Both Eurogroup and ECOFIN adopted the Commission's proposal, based on which the
Greek moves aimed at cutting the deficit were neither appropriate nor adequate.
A European Union investigation has found that Greece broke the eurozone's
critical deficit ceiling of 3% of GDP every year since 1998, contrary to the
earlier claim that it stuck to the rules. The European Commission said that
there was no legal basis to throw Greece out of the single currency, which it
joined in 2001 on the back of the grossly misleading deficit data.
Greece is likely to escape expulsion from the euro, even though it has been
revealed that Athens gave false deficit figures to enable it to join the single
currency. That was under the previous Socialist Party (Pasok) government, voted
out last March. The new government of Costas Karamanlis's New Democracy cannot
be blamed, since Karamasnlis and his supporters wee strongly critical of Pasok
profligacy at the time.
The EU, nevertheless, raised the pressure on Greece on January 18th, saying it
faces a hefty fine because its 2005 budget deficit will be 3.6 percent of gross
domestic product - well over the maximum 3 percent allowed under the stability
rules of the euro.
EU Finance Commissioner Joaquin Almunia is to recommend austerity measures for
Greece that must be approved by the EU finance ministers. Never since the euro
came into circulation in 2002 has the EU gone so far in taking legal steps
against a violator of the currency's stability rules.
In 2003, it took on France and Germany for running excessive budget gaps.
However, the two countries resisted, rallying a majority of EU nations around a
declaration saying Paris and Berlin will get their deficits under 3 percent of
GDP by 2005. Although it successfully challenged that in the EU high court, the
European Commission then effectively abandoned legal steps against France and
Germany.
Last year, the European Commission put Greece's budget deficit at 5.5 percent of
GDP after learning Athens had provided flawed statistics about its economic
performance in the years leading up to the introduction of the euro in 2002.
While the Greek deficit is declining, Almunia thinks that it will still exceed
the 3 percent of GDP ceiling in 2005.
In a statement, issued on the second day of their regular monthly session, the
EU finance ministers blamed Greece's large deficits on dubious statistics, cost
overruns in the 2004 Olympic Games and other spending areas as well as
"shortfalls in certain revenue items."
Already last December, Almunia predicted Greece would fail to bring its deficit
to under 3 percent of GDP despite the fact it has one of the highest growth
rates in the EU. Greece has said its deficit in 2005 will amount to 2.8 percent
of GDP, a figure its EU partners dismiss as optimistic.

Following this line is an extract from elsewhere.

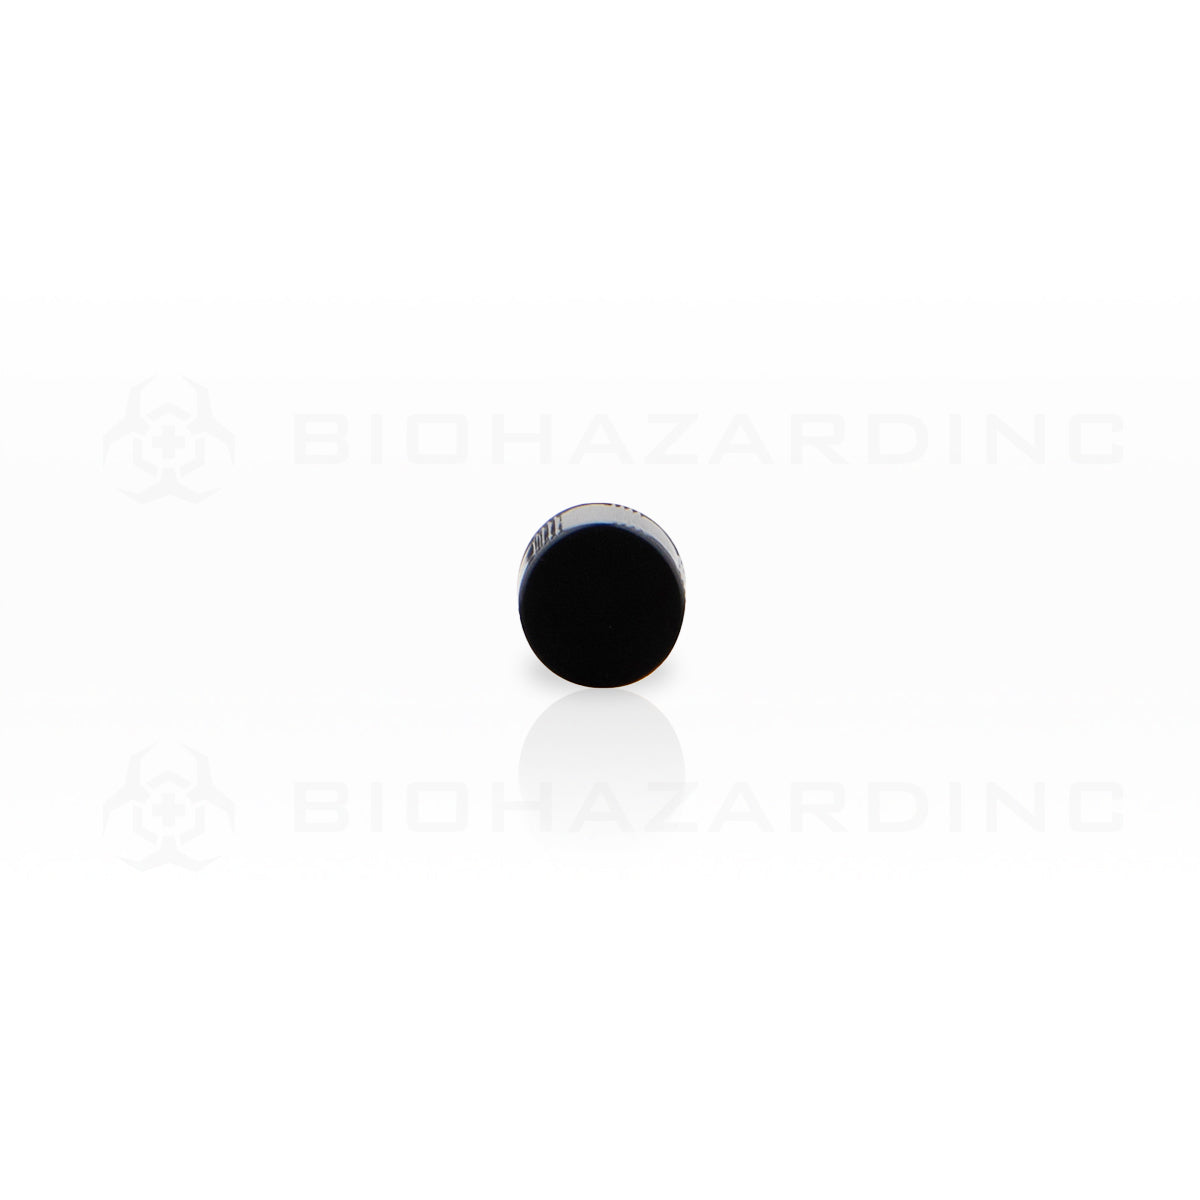 Plastic Cap | Phenolic Caps | 13mm - Black - 144 Count Cap Biohazard Inc   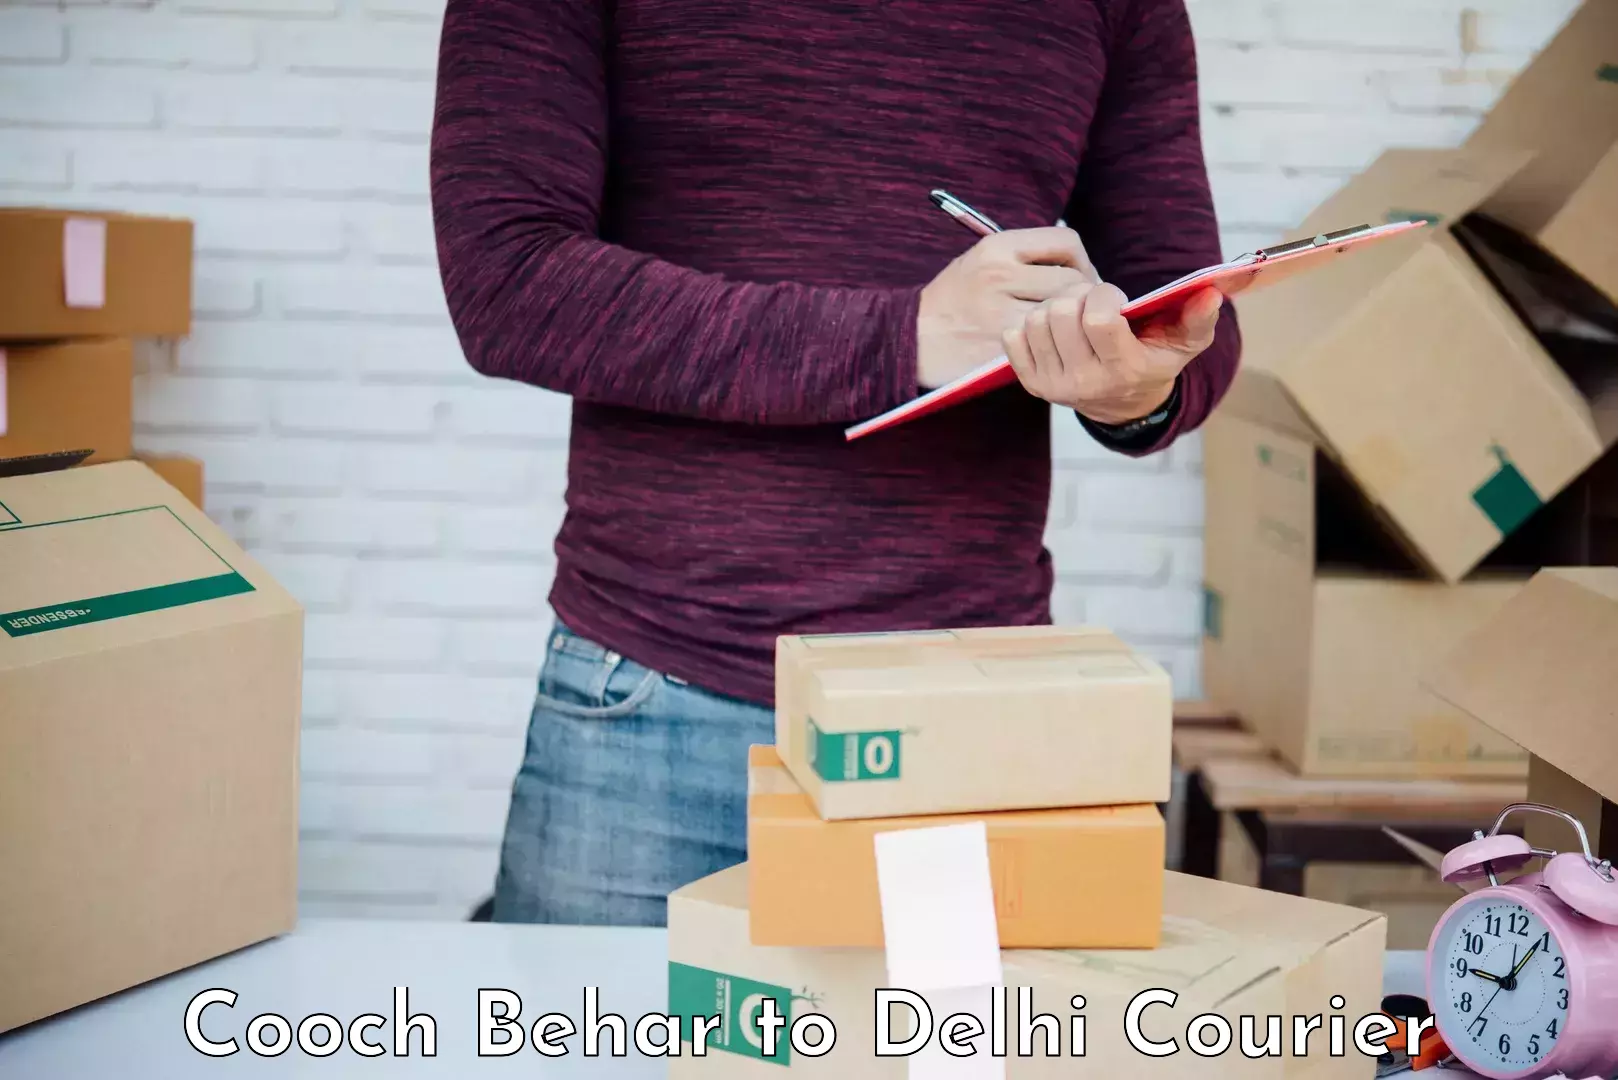 Skilled furniture transport Cooch Behar to Delhi

However, Greece could yet face EU penalties in the wake of the most serious
statistical irregularities since the launch of the euro. José Manuel Barroso's
new Commission must decide whether to seek fines against Greece in the European
Court of Justice; it can also withdraw regional aid worth more than €500m a
year, or take other action under the stability and growth pact if the high
deficit continues.
The revelations are embarrassing for Greek policymakers, including Lucas
Papademos, the vice-president of the European Central Bank, who was Greek
central bank governor at the time of Greece's entry into the eurozone. It
appeared that Greece would attempt to stave off punishment from the EU by
pointing to tougher accounting criteria that had been applied to Greece
retroactively and which were not applied when other countries were joining the
euro.
Nicholas Garganas, governor of the Bank of Greece, said in an interview with the
Financial Times that the methods used to measure deficits had been altered.
"I don't think that the people of Greece and Europe were misled," he
said. "It is not really fair to draw such conclusions when we know that
since 2000 the method of preparing, or calculating, budget deficits has
changed."
Eurozone finance ministers, meeting in Brussels, picked over the Greek scandal,
hoping to draw lessons on how to rebuild confidence in the EU's financial data.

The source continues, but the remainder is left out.